The removed tumour may be analysed through an Oncotype Test that measures how likely your tumour will reduce due to chemotherapy.
You will see an oncologist to discuss what will happen if you do decide to have chemotherapy.
Radiotherapy might be offered to you after surgery to kill any remaining cancer cells in your breast..
If you have radiotherapy, you will be given very short bursts of radiation to kill any cancer cells in the area of the affected breast.
In the UK radiotherapy has traditionally been given for 15-19 days, but trials have indicated the potential benefit from shorter periods of treatment. Some people are now being given 5 days of radiotherapy.
You can talk with your oncologist about the different options and decide which one is best for your type of lobular breast cancer.
You may be given hormone therapy, but not everyone’s cancer will respond to hormones .
Your tumour will be tested at the first biopsy and after removal to examine whether it grows using oestrogen and progesterone. Most lobular cancers are oestrogen positive, which means that oestrogen blockers will really help.
You may be put on hormone tablets as initial treatment, which can reduce the size of the tumour before surgery. This is called neo-adjuvant therapy. This will be decided between you and your oncologist.
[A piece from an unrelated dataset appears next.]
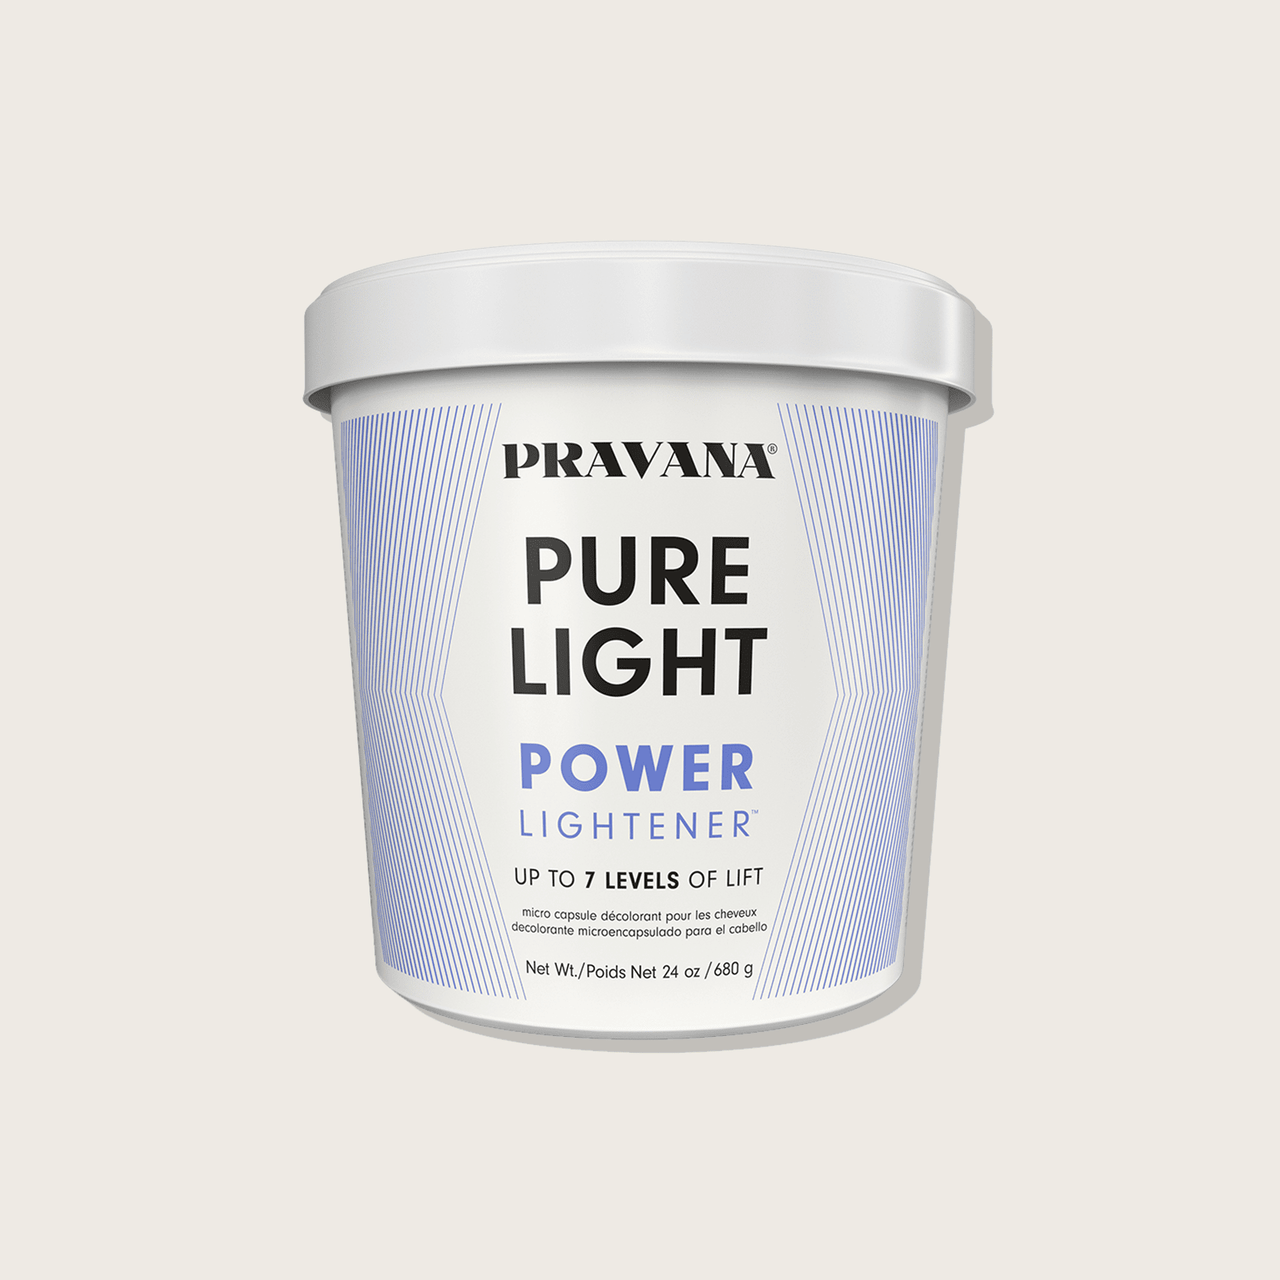 Pravana Pure Light Power Lightener

Surgery will remove as much of the cancer as possible and then you will be put on hormone therapy for at least 5 years.
If you have side effects from your treatment, always remember to tell your oncologist so that they can consider alternative versions of similar drugs.
Terms you may hear include: Aromatase Inhibitors or AIs , Letrozole, Anastrozole, Zoladex.
You may be given targeted therapy to block the growth or spread of cancer by targeting specific molecules, at a cellular level. This will be decided between you and your oncologist. Herceptin is a targeted therapy and may be given to treat HER2+ tumours.
A relatively new treatment is bisphosphonates. Different types of bisphosphantes are given to protect your bones from hormone treatment and/or reduce the risk of breast cancer spreading to your bones.
You may hear this treatment being called Zometa, which is simply the name of a drug that is given. Zometa can be provided either as a daily tablet, or as a monthly or three-monthly infusion that is injected into your body.
Advanced or Secondary Treatment
There are different treatments available for secondary disease but timely diagnosis and meaningful vigilance is paramount in managing the disease. Try not to panic, many people live with metastatic cancer for years due to the advances of medical and clinical practice and the increasing array of drugs.
Treatments will depend on the sub-type of lobular cancer you have, whether that cancer has evolved during metastasis and where it has metastasised too.
Treatment plans need to reflect the specific needs of each individual’s disease. Sometimes you may need to be proactive in monitoring and ensuring you are getting meaningful follow up.